Estos menores eran asignados a familias «de reconocida moralidad y adornados de garantías» que aseguraran la educación de los huérfanos en ambiente familiar irreprochable desde el triple punto de vista religioso, ético y nacional». «Se dieron casos de alteración de datos al nacimiento para impedir que los padres recuperaran a sus hijos y perjudicaran las adopciones consumadas», recordaba el juez. Garzón mencionaba también a los hijos de mujeres presas violadas en las cárceles y ejecutadas después de dar a luz y reflejaba la existencia de un plan emanado del régimen franquista y dirigido a la «captura» de menores repatriados en países como Rusia.

Lo más cercano, Burgos

Garzón trasladó la investigación de las desapariciones de niños del franquismo a siete juzgados decanos de España, en concreto los situados en Barcelona, Burgos, Valencia, Vizcaya, Madrid, Málaga y Zaragoza. Subrayó la vigente responsabilidad del Estado español en aquellos crímenes, cuestión ésta última que ha venido defendiendo el profesor de la Universidad de Castilla-La Mancha Miguel Ángel Rodríguez, a quien el propio magistrado de la Audiencia Nacional cita en su auto.
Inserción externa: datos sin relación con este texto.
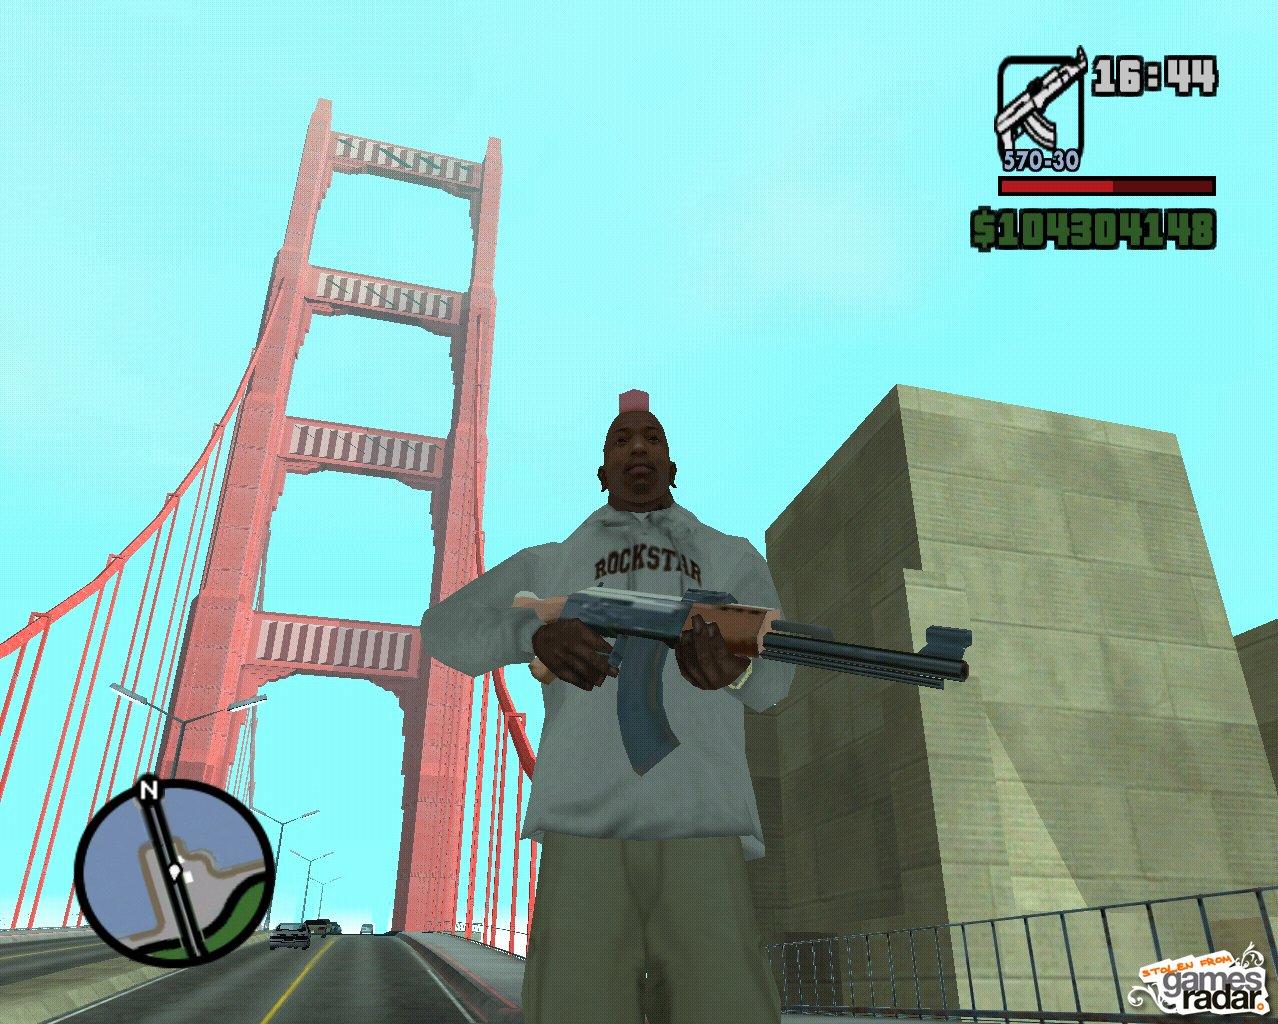 bajo archivos: GTA San Andreas [rip] | 1278 x 1024 jpeg 332kB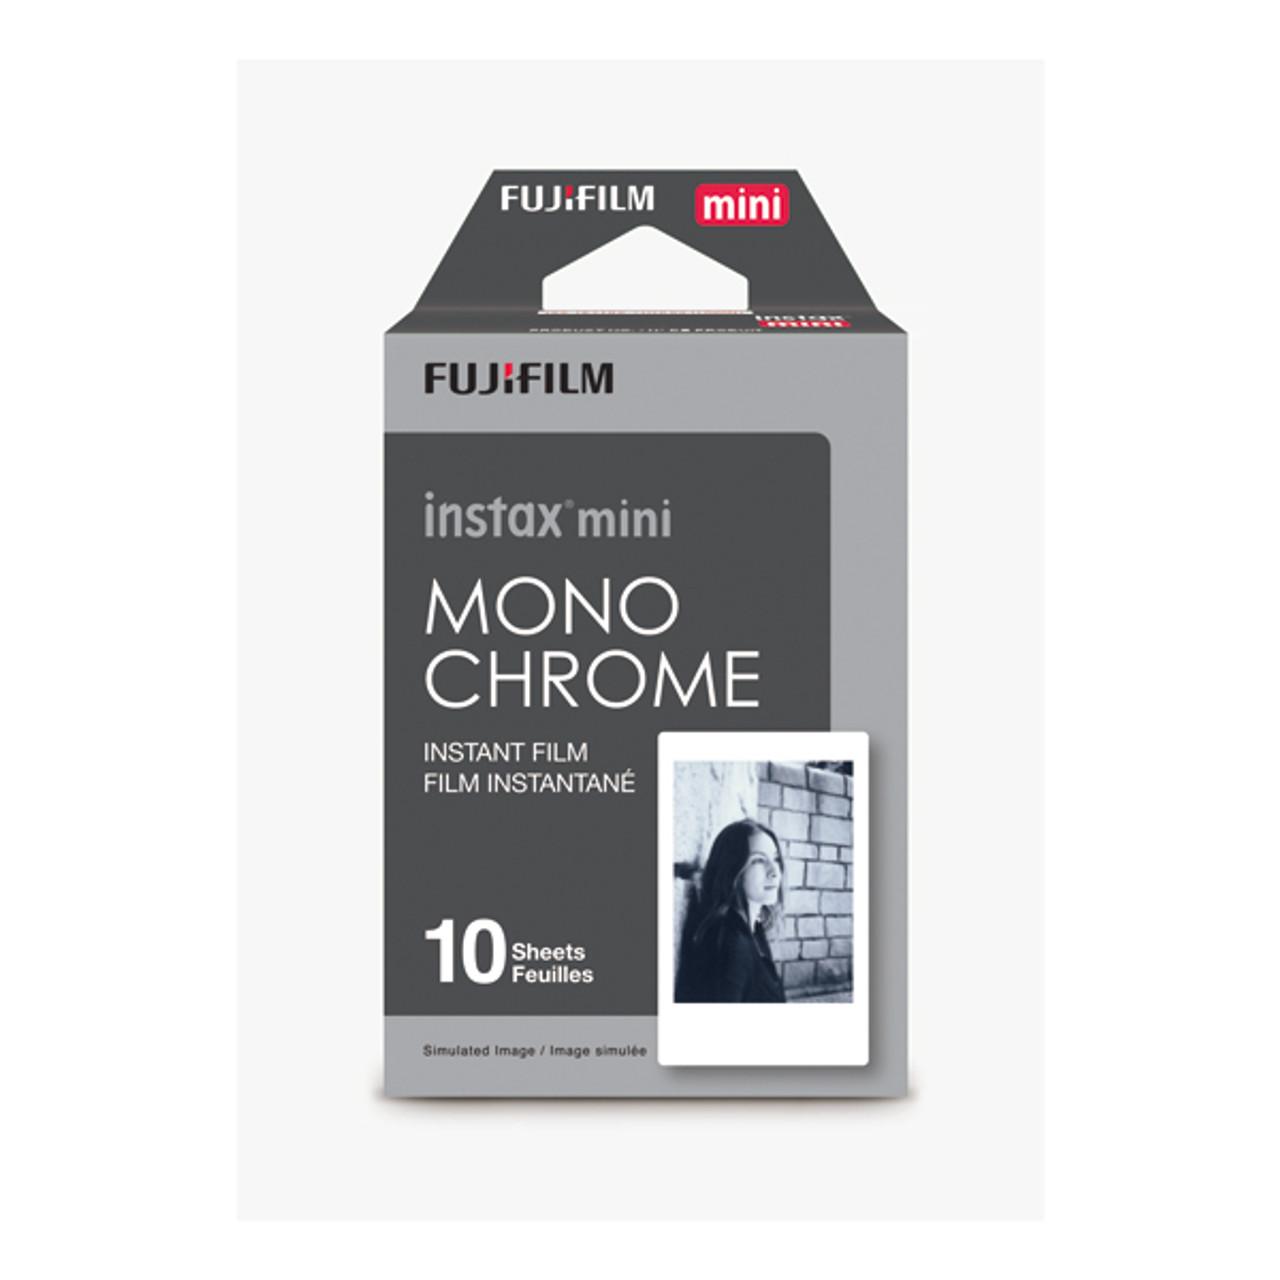 Fujifilm Instax Mini Monochrome Instant Film

Garzón se refiere expresamente al libro El caso de los niños perdidos , en el que Rodríguez Arias analiza las desapariciones de hijos de los defensores de la República española tras la Guerra Civil, la actuación del Gobierno y la calificación jurídica de esas conductas, todo ello con el objetivo de dar a conocer a las víctimas las distintas posibilidades de acción que tienen a su alcance en la defensa de sus derechos humanos.

La obra, editada por Tirant Lo Blanch, recuerda que la condena del Consejo de Europa en 2006 a la dictadura franquista supuso el primer reconocimiento internacional del denominado caso de los niños perdidos , hijos de presas republicanas arrebatados a sus madres y cuyos apellidos fueron modificados para permitir su adopción por familias afines al régimen; pero también niños, según el autor, «impunemente» secuestrados en Francia y otros países para su «reintegración a la patria» todavía en la década de los años cincuenta.

El juez Baltasar Garzón se refiere a estos desaparecidos en su auto, recogiendo las tesis del investigador del Instituto de Derecho Penal Internacional de la UCLM en torno a la responsabilidad del Gobierno de España «de conformidad con los tratados internacionales de derechos humanos, la desatendida Condena del Consejo de Europa de 17 de marzo de 2006 y el legado de Nuremberg, con especial referencia al Decreto Noche y Niebla de Hitler, que inauguraría esta clase de crimen contra la humanidad».